President Irfaan Ali has poured cold water on the claims that crime has been on the rise in Guyana, noting that the statistics show otherwise.

The Head of State’s remarks come at a time when a number of persons and even organisations have expressed concern over the crime situation in the country, with the Georgetown Chamber of Commerce and Industry (GCCI) being the latest.

“The statistics based on all the reports shows crime is on the decline in Guyana, and there has been a tremendous decline in crime,” the Guyanese Leader said on the sidelines of an event at the Office of the President on Thursday.

“The problem with the figures is we had this issue at Mahdia that pushed up the murder rate.”
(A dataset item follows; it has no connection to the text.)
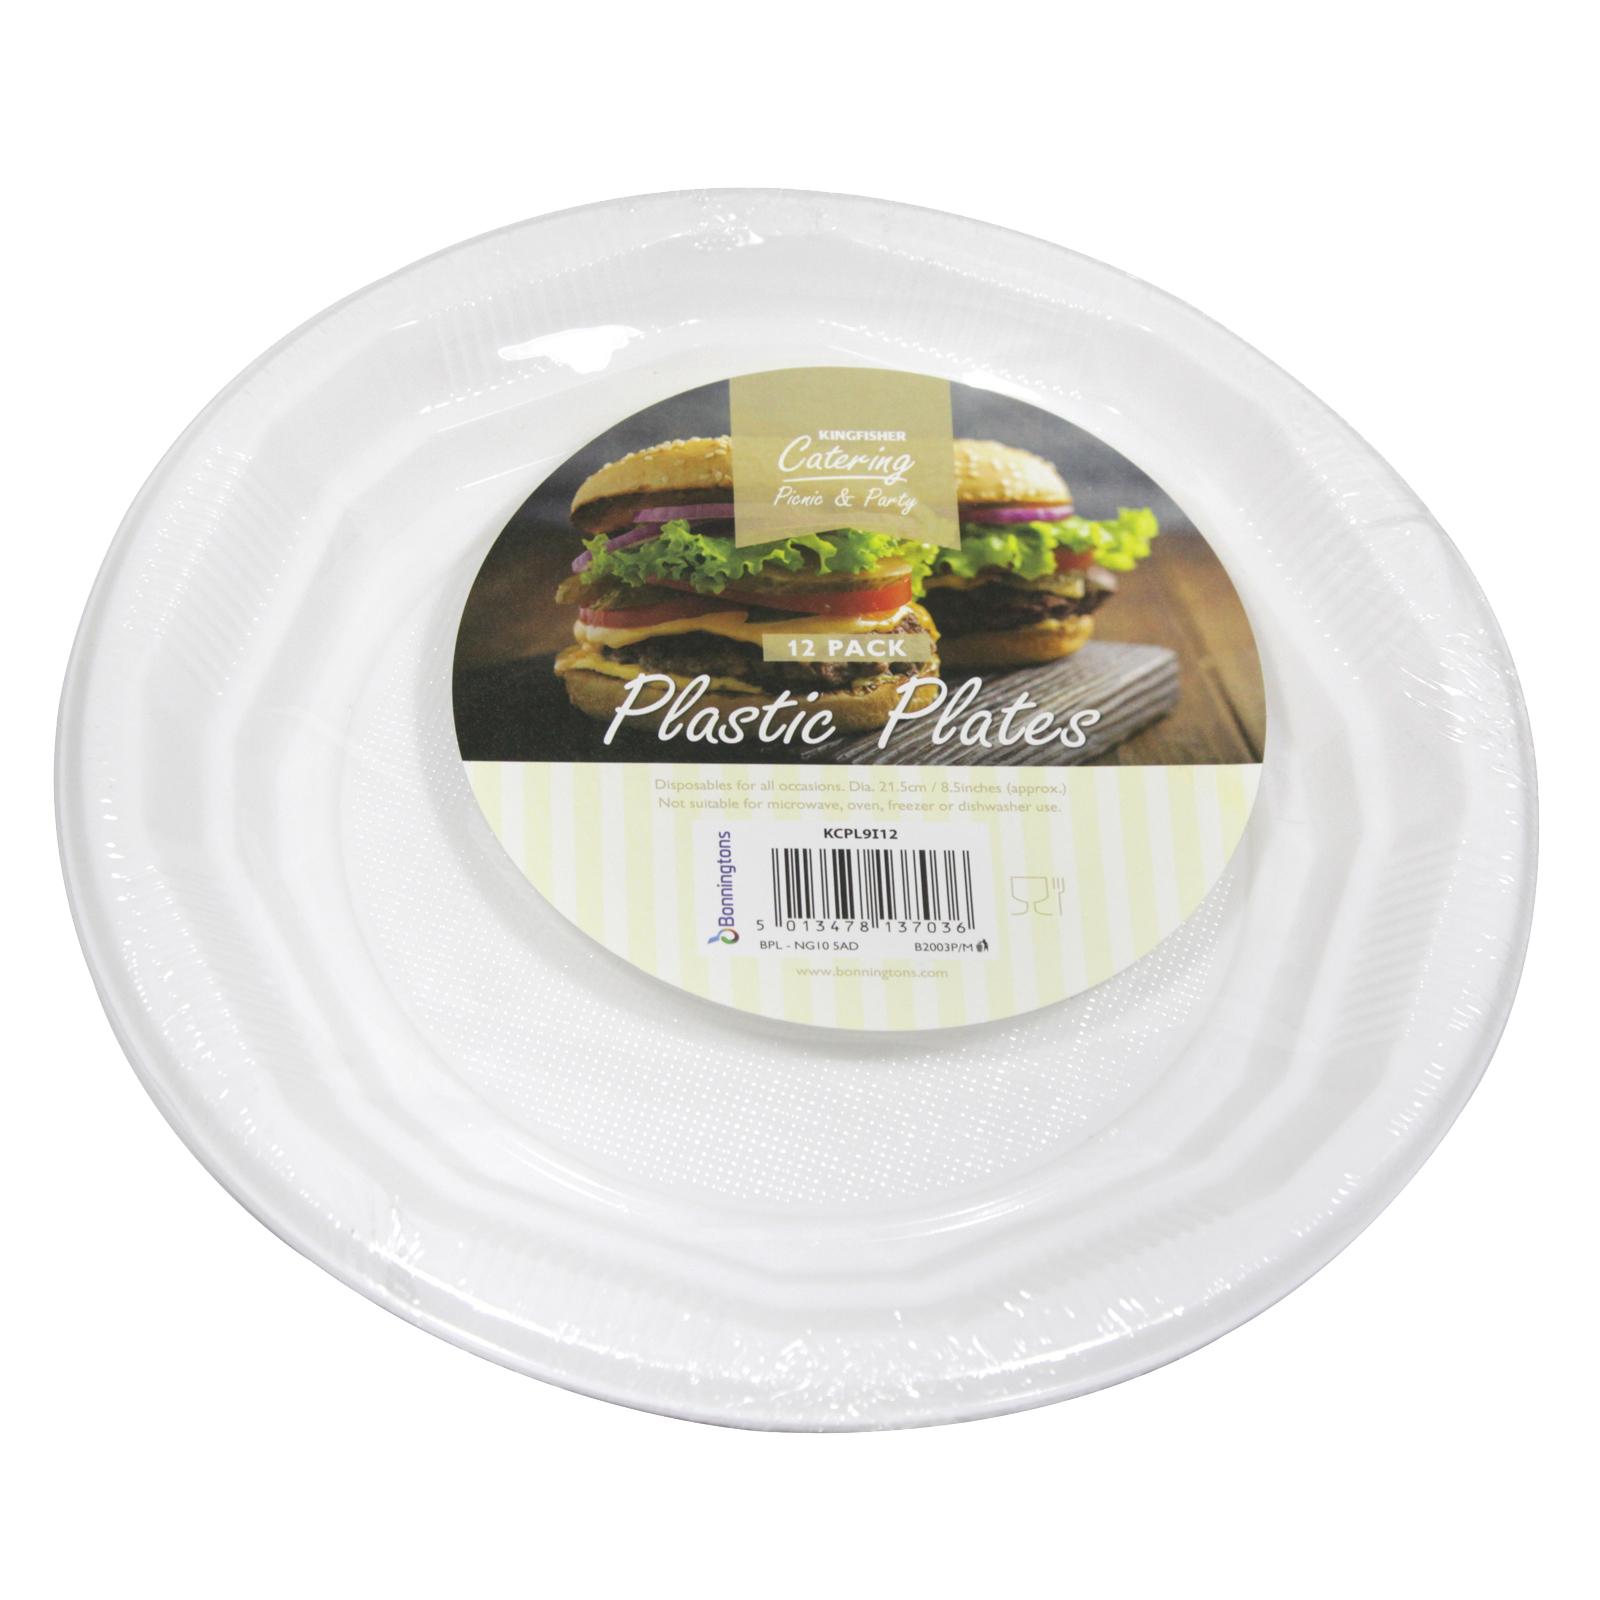 KINGFISHER 12 PLASTIC PLATES 8.5

In a recent travel advisory, the US Department of State placed Guyana – the fastest growing economy in the world – in a level three category, which is one step away from a ‘do not travel’ warning.

The advisory noted that violent crimes, including murder and armed robbery, are common, especially at night, and the Police Force lacks the resources to respond effectively to serious criminal incidents.

But the Head of State told reporters that since ascending to office, his administration has worked aggressively to provide the Guyana Police Force (GPF) with tools to fight crimes.

“Even the one, two, three, four, five that exist is significantly important for us. So, we are working in a very holistic way. One, we are building out the infrastructure for the Police Force,” President Ali posited.

Only two weeks ago, Opposition Parliamentarian Geeta Chandan-Edmond called on the Ali-led Administration to arrest the crime situation in the country and restore calm and peace.

Her call came after Retired Assistant Police Commissioner Clinton Conway, who not only noted that crime is on the increase but accused the Police Force of docking the numbers. 

Last month, the Police Force announced a 12.6 per cent decrease in serious crimes except murder.

The murder figures for 2023 have climbed to a whopping 37 per cent for 2023.